Abel fece qualche passo verso la finestra ed osservò il grigio panorama dei grattaceli. Il sibilo di un Avio lo distolse dalla contemplazione. Si voltò. "Lei non capisce. Non ha visto di cosa sono capaci. Quel libro dovrebbe essere gettato sul fondo di un abisso. Ed io non lo toccherò nemmeno con i guanti".
Calò un pesante silenzio nell'ufficio.
"Mi spiace Abel. Gli ordini sono questi. Devi portare il libro a Chicago.Buon viaggio", sussurrò il capitano;"In bocca al lupo!", terminò. "Molte grazie, capitano. Spero di tornare vivo!".
Uscì dalla stanza. Non gli piaceva per niente quella storia. Andò nel magazzino e prese il libro, che era stato sistemato in una valigetta scura con una chiusura magnetica. Poi si fece dare un Avio leggero e partì subito, con l'idea di tornare il più in fretta possibile.
Lasciò la coltre grigiastra di Los Angeles, sorvolando a 50 metri da terreno le lande disabitate dell'interno. Gli antichi ruderi dei centri abitati si consumavano battuti dal vento sibilante; ben presto i radi arbusti dei dintorni di Los Angeles lasciarono il posto agli alberi sempre più fitti della foresta selvaggia.

Abel decise di aumentare un pò. la quota per evitare di disturbare le strane creature che si nascondevano nelle fitte tenebre della foresta. Arrivò a Chicago in tempo per ammirare il rosso tramonto dietro le colline; pochi minuti dopo saliva le scale del Centro di Ricerca Storica. La segretaria disse che il professor Kyzak lo attendeva, così andò verso il suo studio. Attraversò un lungo corridoio le cui pareti ospitavano ricostruzioni olografiche di antiche città perdute. Finalmente arrivò davanti alla porta dello studio. Entrò accolto dallo studioso che squadrò attentamente. "Salve, professore", disse, "Ho portato qualcosa per lei". "Salve, agente. Ha fatto molto presto. Se permette vorrei subito dare un'occhiata al libro", esordì Kyzak.
Abel gli porse la valigetta aprendola e mostrò il volume consumato dai secoli; il professore lo prese in mano e lo accarezzò con delicatezza e poi sussurrò:
"Finalmente", aggiungendo poi a voce alta,"Perfetto, agente; se permette, ora ho bisogno di alcuni giorni per esaminarlo e dare un completo resoconto". "Bene", rispose Abel,"Allora io posso andare; e si ricordi che il libro è un a prova indiziaria. In ogni caso due agenti saranno sempre alla sua porta".
Stava per andarsene quando suonò l'interfono e Kyzak, dopo aver ascoltato il messaggio, gli fece cenno di attendere. ''C'è qualcuno che vuole parlarle", disse il professore.
Improvvisamente Abel percepì una strana ed opprimente sensazione di pericolo, come quando aveva visto per la prima volta quegli strani esseri. "E' uno di loro!", urlò.

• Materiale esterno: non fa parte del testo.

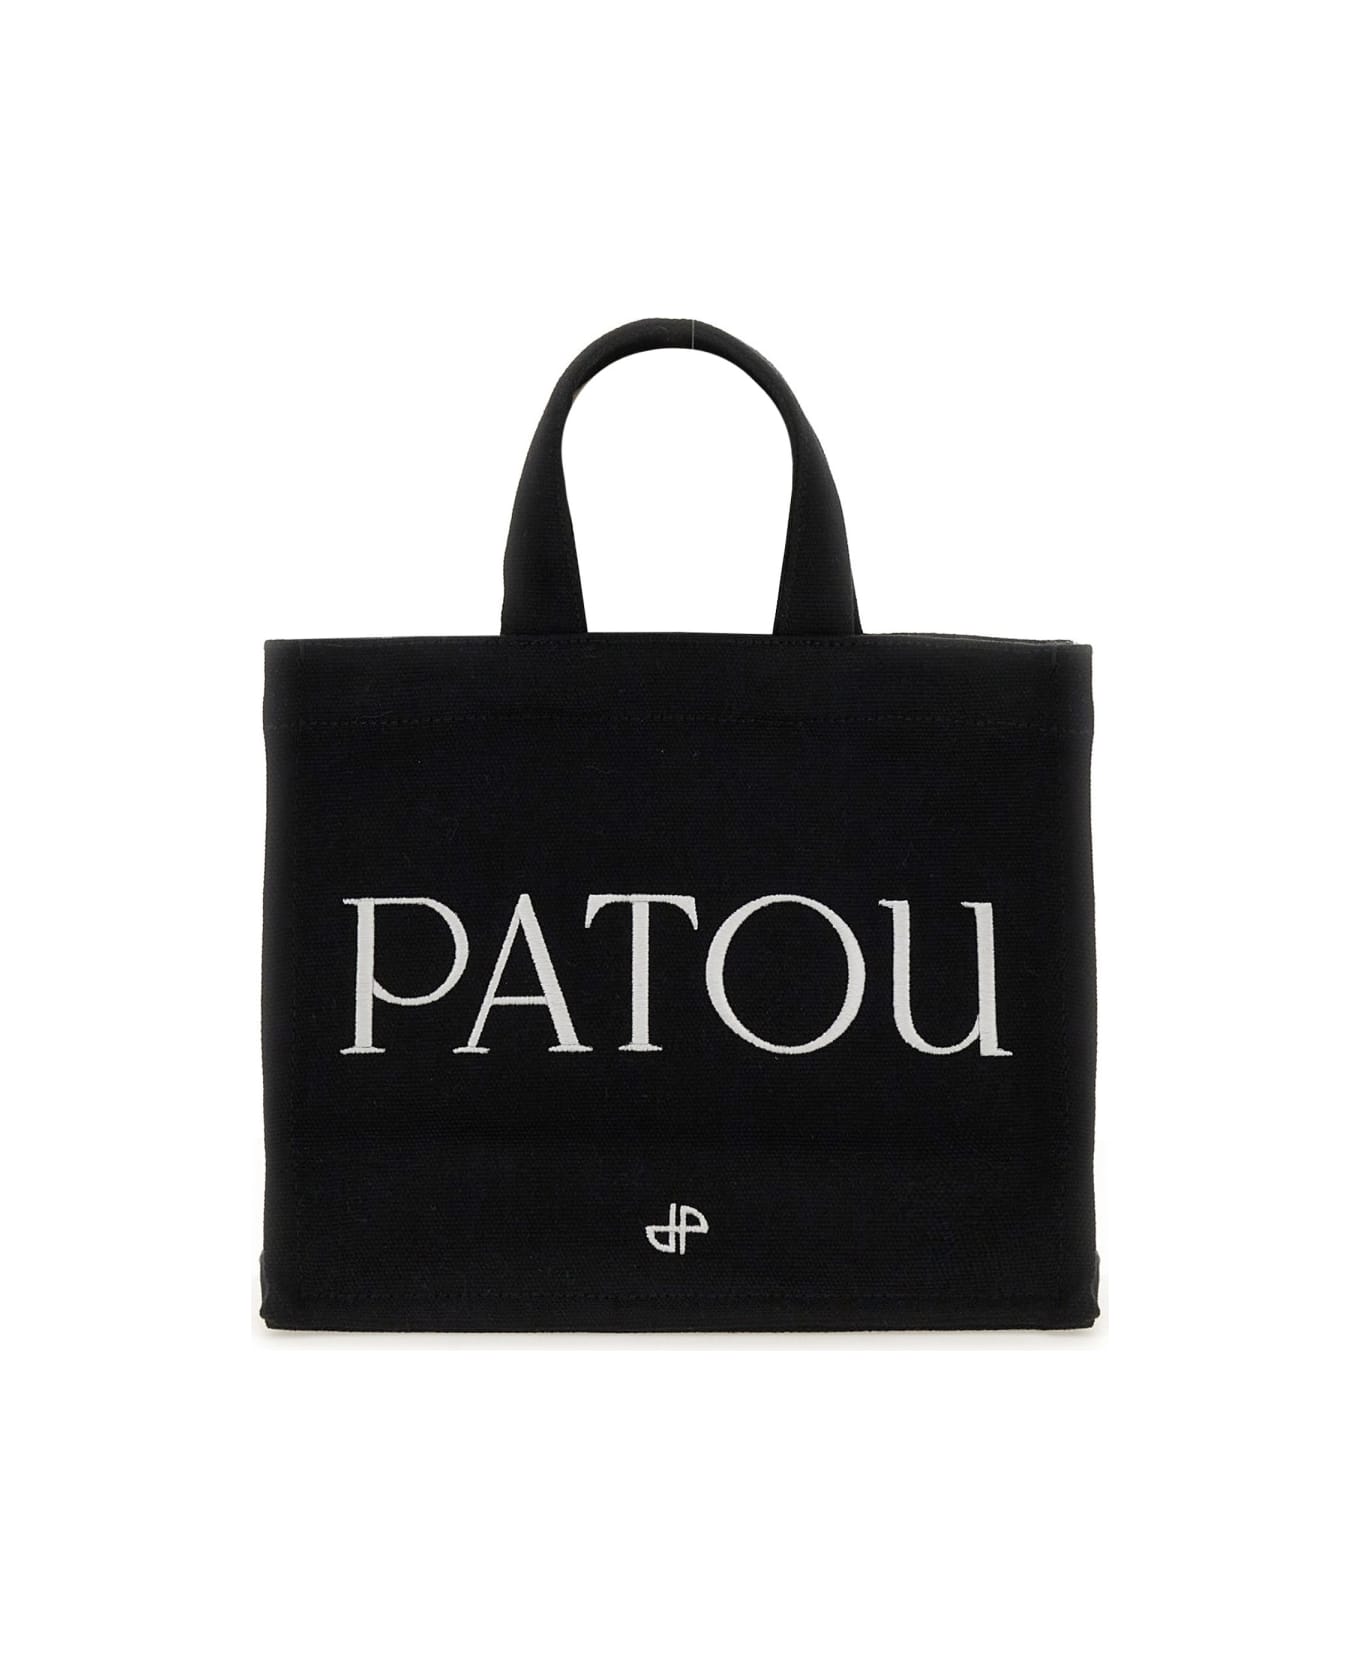 Patou Small "patou" Tote Bag - BLACK

Il professore lo guardò sbalordito e rimase paralizzato dallo sguardo di terrore negli occhi di Abel che si stava gurdando attorno cercando una qualche via d'uscita secondaria; trovò una piccola porta e vi si gettò, trascinandosi dietro il professore attonito. Non appena si chiusero la porta alle spalle sentirono qualcuno entrare nell'ufficio e, poi, con orrore, sentirono che cominciò come ad annusare l'aria, cercando il loro odore; piano piano si avvicinò alla loro porta e, poi, ad un certo punto, la aprì, dopodiché Abel prese a correre a perdifiato seguito dappresso dal professore; dietro di loro sentirono l'urlo del loro inseguitore; l'urlo di un cacciatore. Salirono una breve rampa di sacle e si ritrovarono sul tetto dove li aspettava l'Avio. Vi si gettarono dentro ed azionarono i motori, ma, nonostante il rumore, sentivano ancora quello strano verso che sembrava provenire dall'abisso di un incubo. Poi, come iniziarono a prendere quota, il verso lentamente svanì, tramutandosi in una infernale risata di scherno!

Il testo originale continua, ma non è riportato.